O controle do tempo é um fator disciplinador (Foucault, 2014; Geraldi, 2016). Para todas as atividades, estipulava-se uma previsão de tempo. Mas, na verdade, cada pessoa e também os grupos faziam uso do tempo livremente, dispunham do tempo necessário para articular a apresentação das suas ideias. Assim ocorreu em todos os encontros da componente curricular, todas as aulas tinham um tempo para as trocas de ideias. Algumas para falar sobre a atividade feita em casa, outras para fazer a interpretação das apresentações de cenas e vídeos utilizados. O controle do tempo - que não era exatamente um controle, mas uma solicitação para não desviar do assunto - era feito pelos próprios estudantes. A docente, desde a primeira roda de conversa, escreveu em folhas de sulfite coloridas que circulavam a roda a palavra “foco”, e, ora ou outra, alguém levantava a folha dizendo “foco”. Nas últimas aulas, em situações conflituosas proporcionadas pelos debates nos seminários, um estudante levantou uma folha qualquer e a imaginação da turma ajudou a entender que se pedia “foco”.

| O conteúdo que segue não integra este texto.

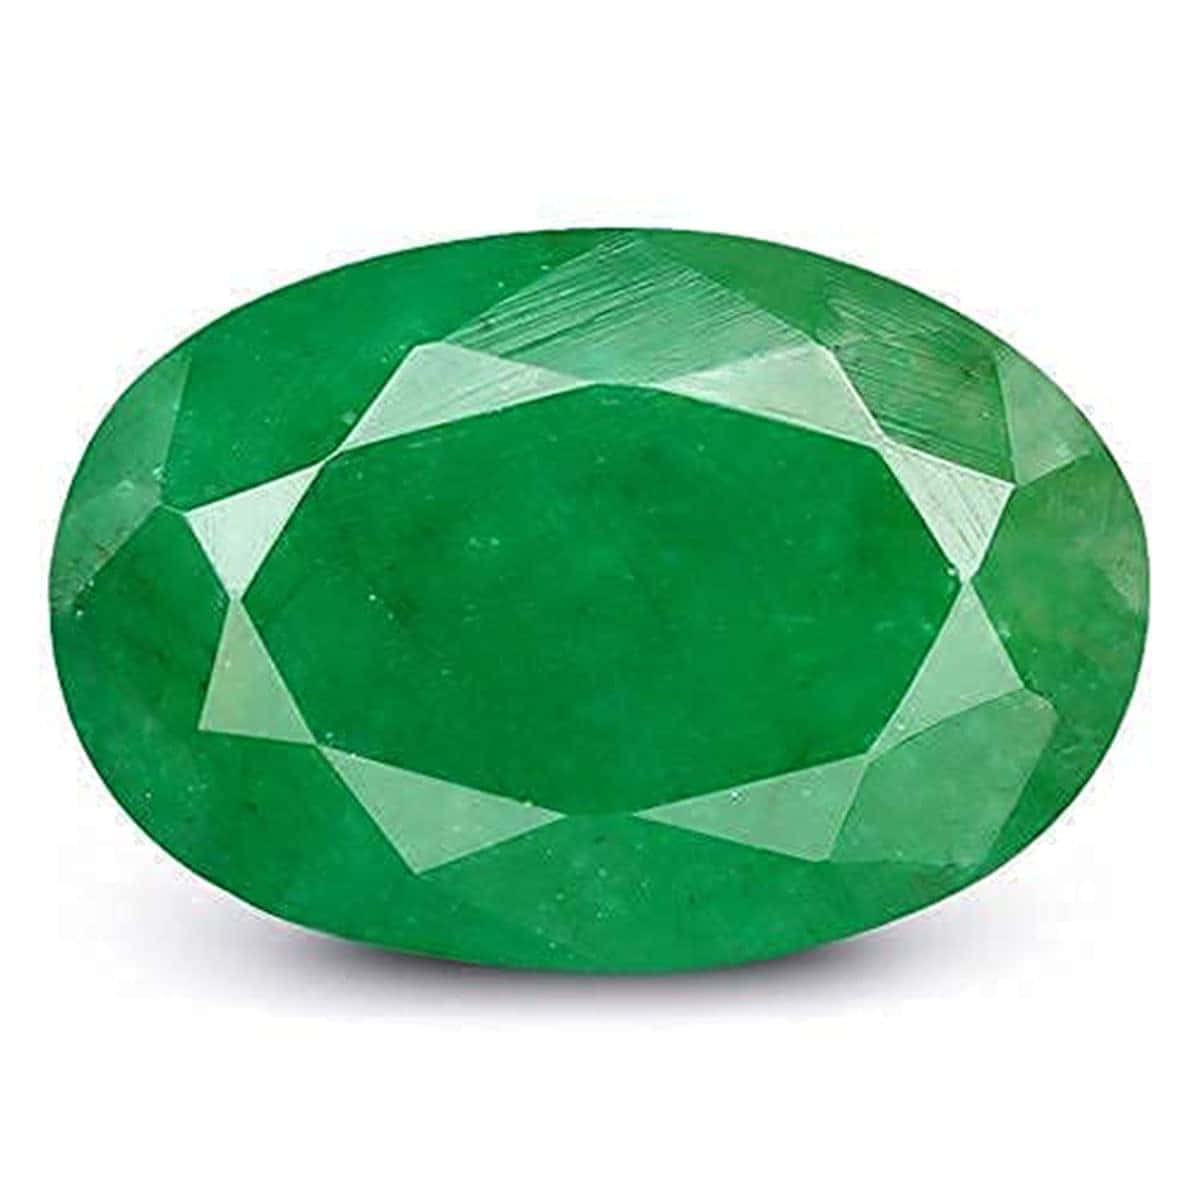 An Oval Emerald Stone
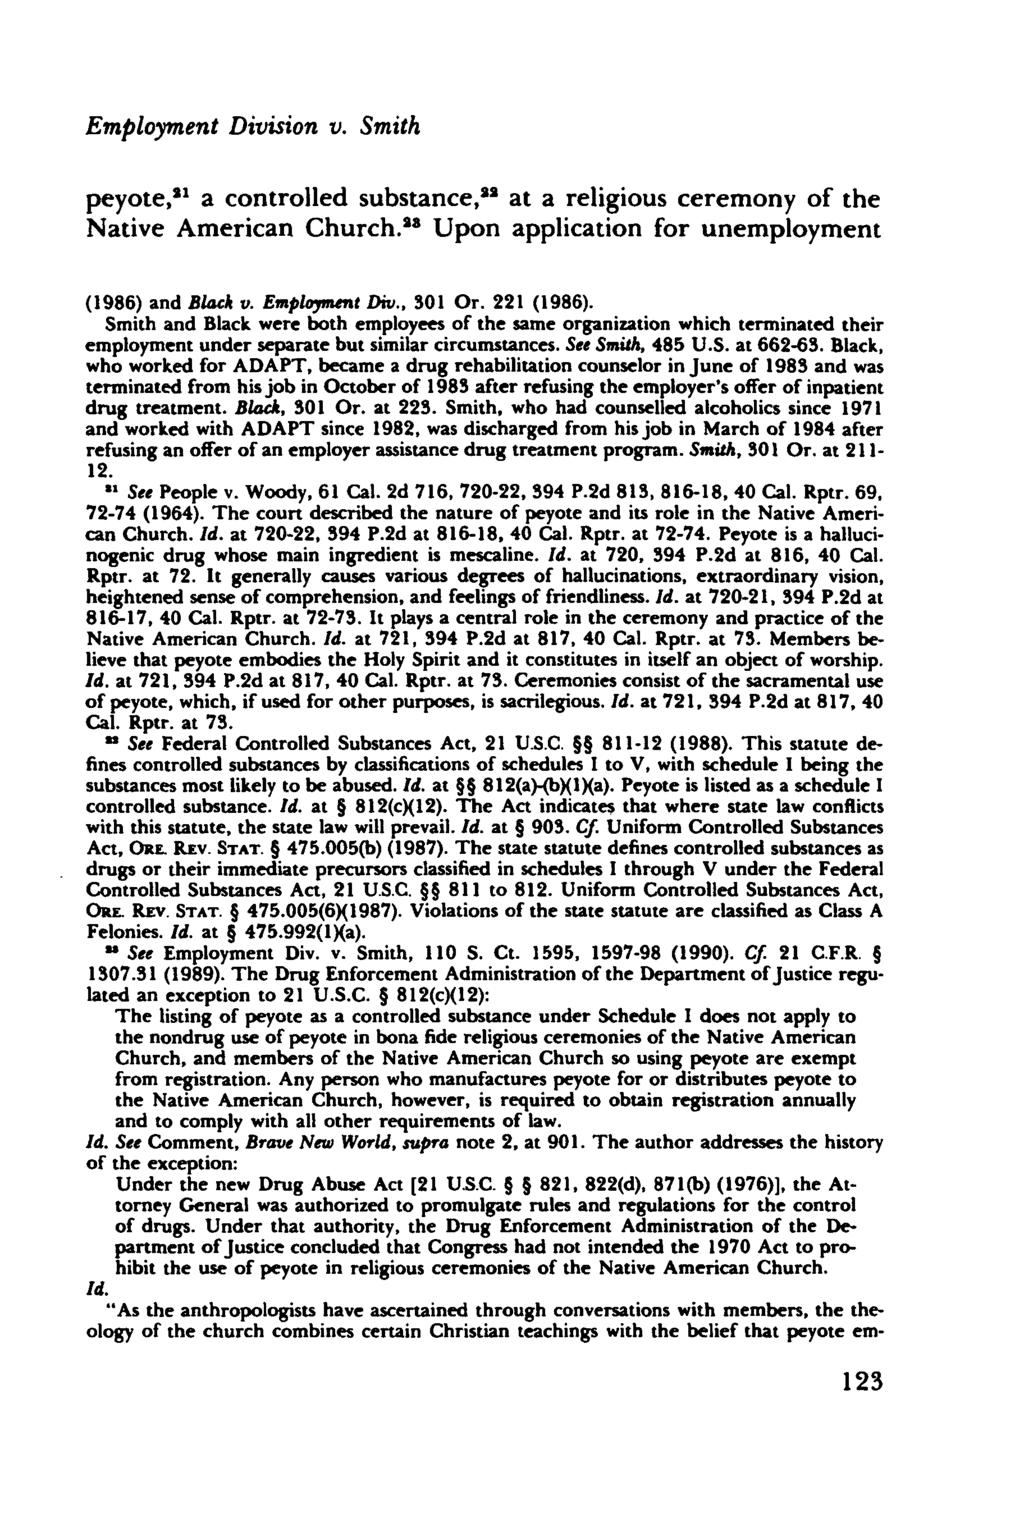 Employment Division v. Smith peyote, 21 a controlled substance, 2 at a religious ceremony of the Native American Church. 28 Upon application for unemployment (1986) and Black v. Employment Div.

Outro exemplo de prática que exerceu um combate aos dispositivos de controle foi o trabalho corporal com a exploração de movimento por meio da música e da dança, ações muito presentes nas dinâmicas corporais utilizadas por artistas antes de entrarem em cena. Em sala de aula, essas práticas eram empregadas em momentos que antecediam atividades de criação propostas sobre textos teóricos, normalmente realizadas em grupos. É importante destacar que tínhamos na sala uma estudante com sistema motor dos membros inferiores parcialmente comprometido, que necessitava de um andador para se locomover e para ficar em pé. Essa estudante relatou que se sentia livre nas atividades corporais propostas. Na sala, as várias vozes diziam que, no último dia de aula, existia uma cumplicidade entre todos os que dividiram situações inusitadas com essas dinâmicas, porque tiveram que trabalhar em equipe com pessoas inicialmente estranhas para produção de encenações. Além do espaço para trocas de ideias nas rodas de conversa, as quais, mesmo divergentes, não afetavam o sentimento de pertencimento e liberdade para se expressar. Isso vai ao encontro da afirmação de Koudela (2011, p. 48) sobre jogos teatrais: “quando um indivíduo percebe que não existe a imposição de modelos ou critérios de julgamento e que o esquema é claro, ele deixa de lado o medo de se expor (subjetivismo) e participa da ação conjunta”.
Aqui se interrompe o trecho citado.